Friday, April 4

Nookyfest 2008

According to my Doctor I have to lay off the having of fun. I have a delightful little infection that is called Honeymoon Cystitis and it is very common amongst ladies who have never had nooky or haven’t have it in a long time. I fit into the latter category.

It’s not a sexually transmitted disease (but while I was there and had my pants round my ankles, she said she may as well test for everything that is) but a condition that is caused by simply having too much sex of the hard kind that may or may not involve elements of arse play.

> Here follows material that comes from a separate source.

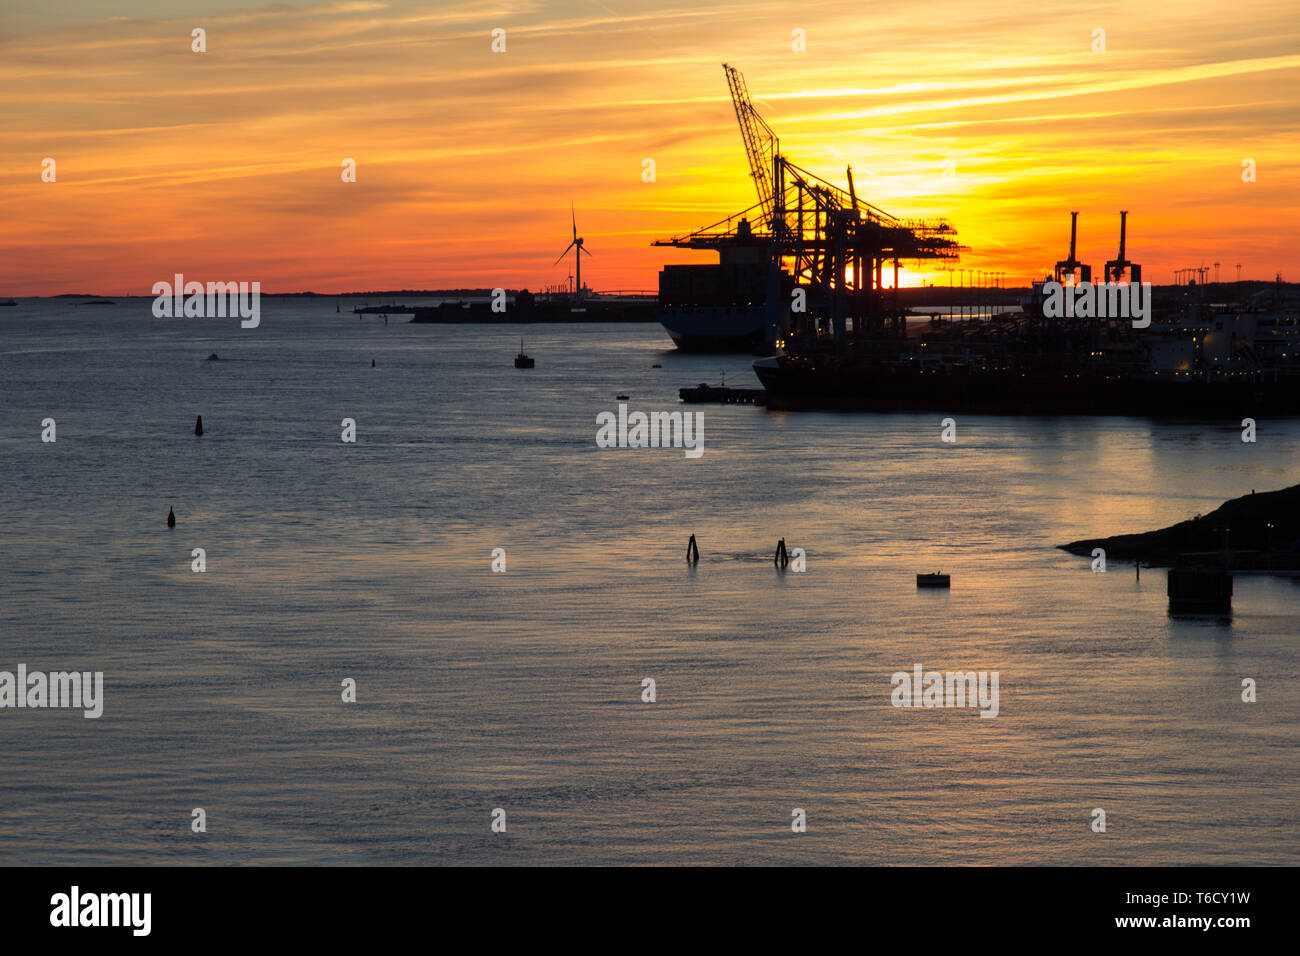 Krähne Kran bei Sonnenuntergang im Hafen von Göteborg Schweden tramonto nel porto di Göteborg con gru a carroponte Foto Stock

This is something that had never entered my mind. I’m always careful, condoms, dental dams, gloves. You know, all the things that protect you from stray bacteria and virus, but can cause raised eyebrows if whipped out before being discussed. It never occurred to me that you could get a nasty from simply have too much sex and not peeing straight afterwards. This is the first time I’ve had anything like this, it’s kind of embarrassing

So there I am, a not inexperienced woman watching a Doctor draw a little cross section diagram of where all my ‘lady bits’* are and being told how easy it is ‘for germs to pass from the back fun area to the front fun area’*. Not that that is a problem according to the Doc, but when those germs come into contact with the ‘pee hole’* that’s when the problems start. 'Always leave the back fun 'til last.'*

‘Those little buggers love the urethra and work themselves into a frenzy until you are every time you pee.’*

It’s so simple really and a course of antibiotics ‘clear it right up and have you back in the saddle in no time, so to speak’*.


* Doctors actual words, I sh*t you not!

UPDATE 1934 11-8-08 : I was given the all clear by the doctor yesterday, no trace of UTI or anything lese that is nasty and catching.

1 comment:

Susan's Pet said...

Dear Lady,

This is precious. It reminds me of when my young bride and I were just married. One of her acquaintances noticed the strange way she walked and asked. After my wife's explanation, her acquaintance said, "Oh my, this is an extreme cae. You are pussy-whipped."